Task length vs. context budget. Long tasks generate more tool output, plans, and partial results than any single context window can hold.
Goal persistence vs. step locality. Each step needs focused attention on its own work, but the overall goal must survive across steps without rereading everything.
Specialization vs. coherence. Different subtasks (research, design, implementation, review) want different prompts and tools, but the final result must still cohere.
Flexibility vs. reliability. The agent needs to adapt to whatever the task demands, but it also needs to behave predictably enough that a human can trust it unattended.
Power vs. cost. Every pillar adds tokens, latency, and moving parts; the recipe has to earn its overhead on tasks where a shallow loop would fail.

Solution

Build the agent around four pillars, applied together.

1. Explicit planning. The agent writes a plan before it acts, and the plan is an inspectable artifact, not a chat message. Claude Code’s TodoWrite is the canonical example: a structured list the agent can re-read, update, and check off. LangChain’s deepagents exposes a planning_tool that does the same job. The plan survives compaction, it survives hand-offs to sub-agents, and it survives the reader who wants to know what the agent thinks it’s doing.

2. Sub-agent delegation. Focused work happens in sub-agents with isolated context windows, invoked through a delegation tool (Claude Code’s Task, LangChain’s sub_agents). The orchestrator doesn’t read the codebase itself; it asks a research sub-agent to read the codebase and summarize. The orchestrator doesn’t write the fifteen-file refactor; it dispatches implementation sub-agents that return diffs. Each sub-agent keeps its own working memory out of the orchestrator’s window. See Orchestrator-Workers for the hierarchical composition and Subagent for the primitive.
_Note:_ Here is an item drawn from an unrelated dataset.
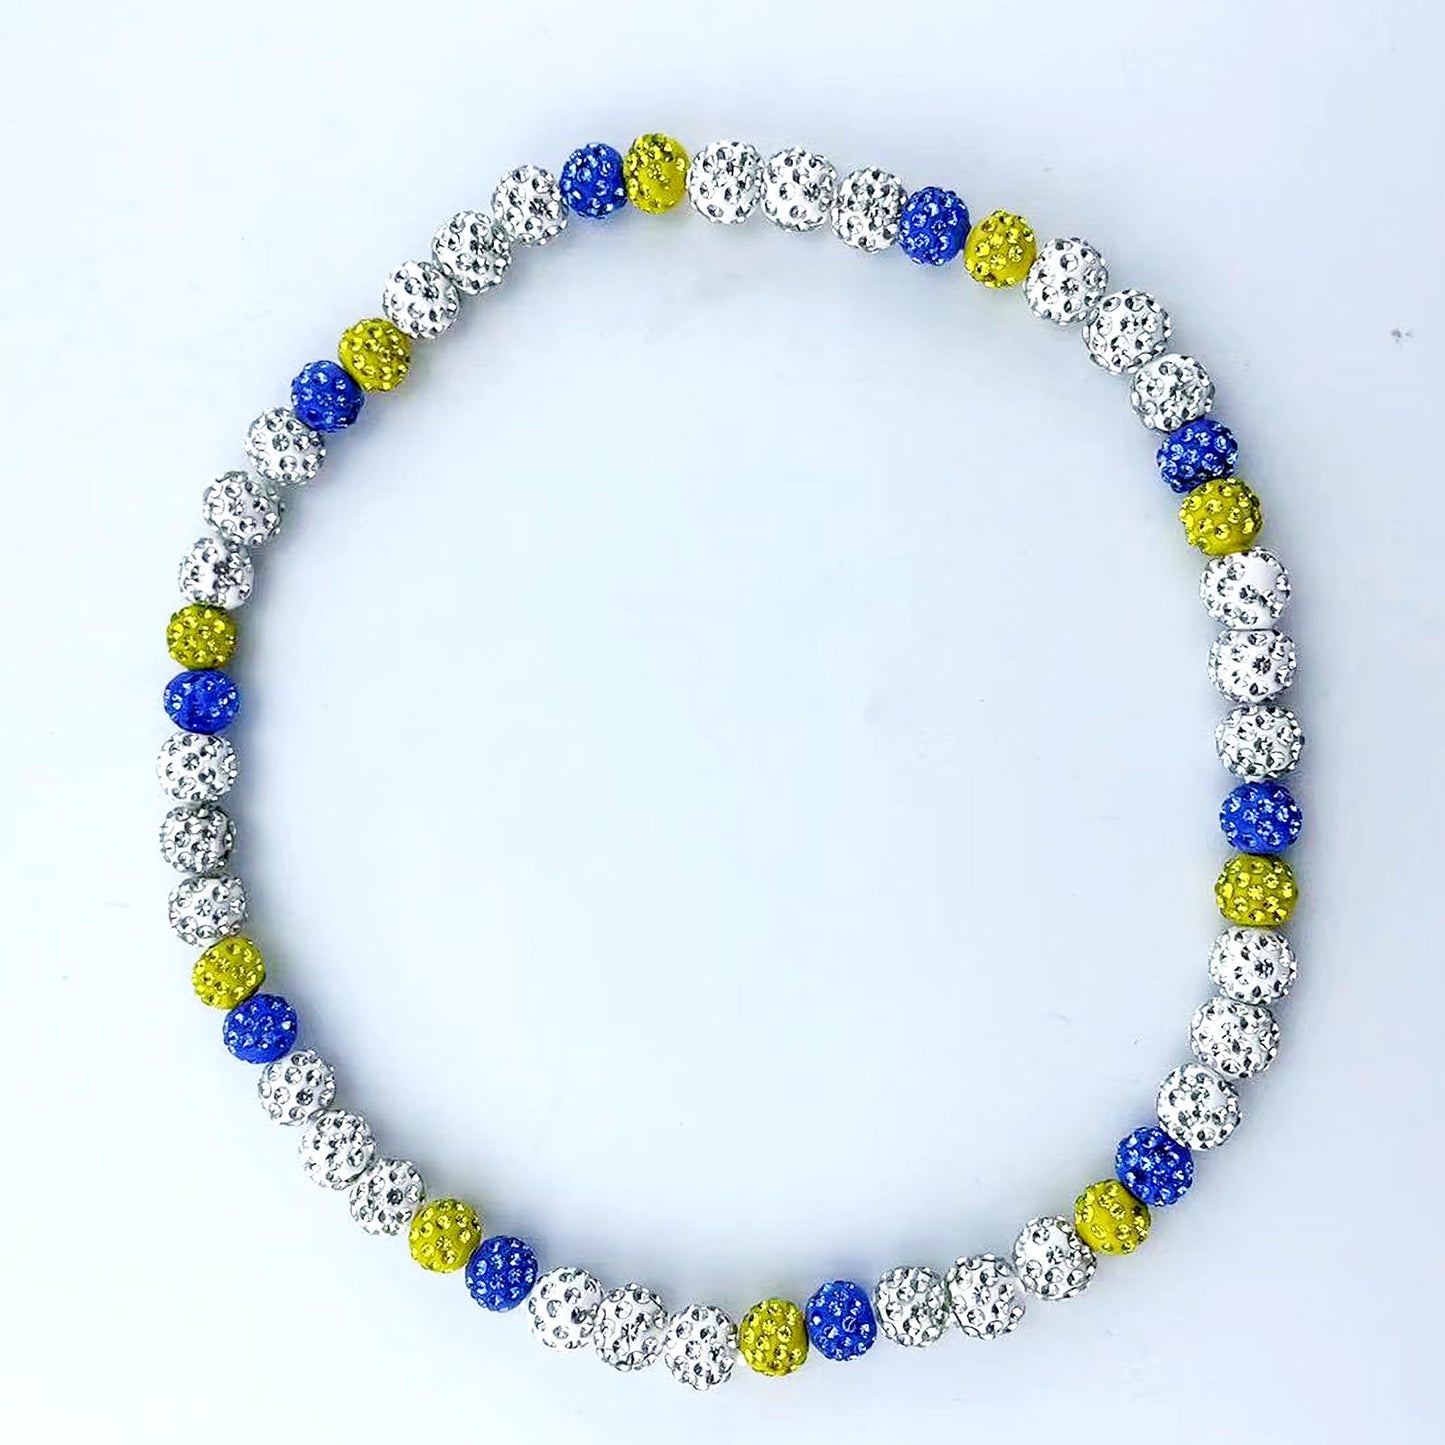 Bling Baseball Necklace for Competitive Athletes,Ice Collection Necklace Glitter Rhinestone Ball Necklaces for Men Boys Inspired Sports Jewelry Gift Accessory 16" 18" 20" (16 inch, Yellow White Blue) - TravelBall

3. Persistent memory. State lives outside the context window: on the filesystem, in a vector store, in a scratchpad directory, in the project’s own files. The agent writes notes, intermediate results, tool outputs, and the plan itself to files it can re-read. Compaction is safe because the important stuff isn’t lost when the window compresses; it was already on disk. Sessions can end and resume because the next session starts by reading the plan file and the scratchpad. See Externalized State and Memory.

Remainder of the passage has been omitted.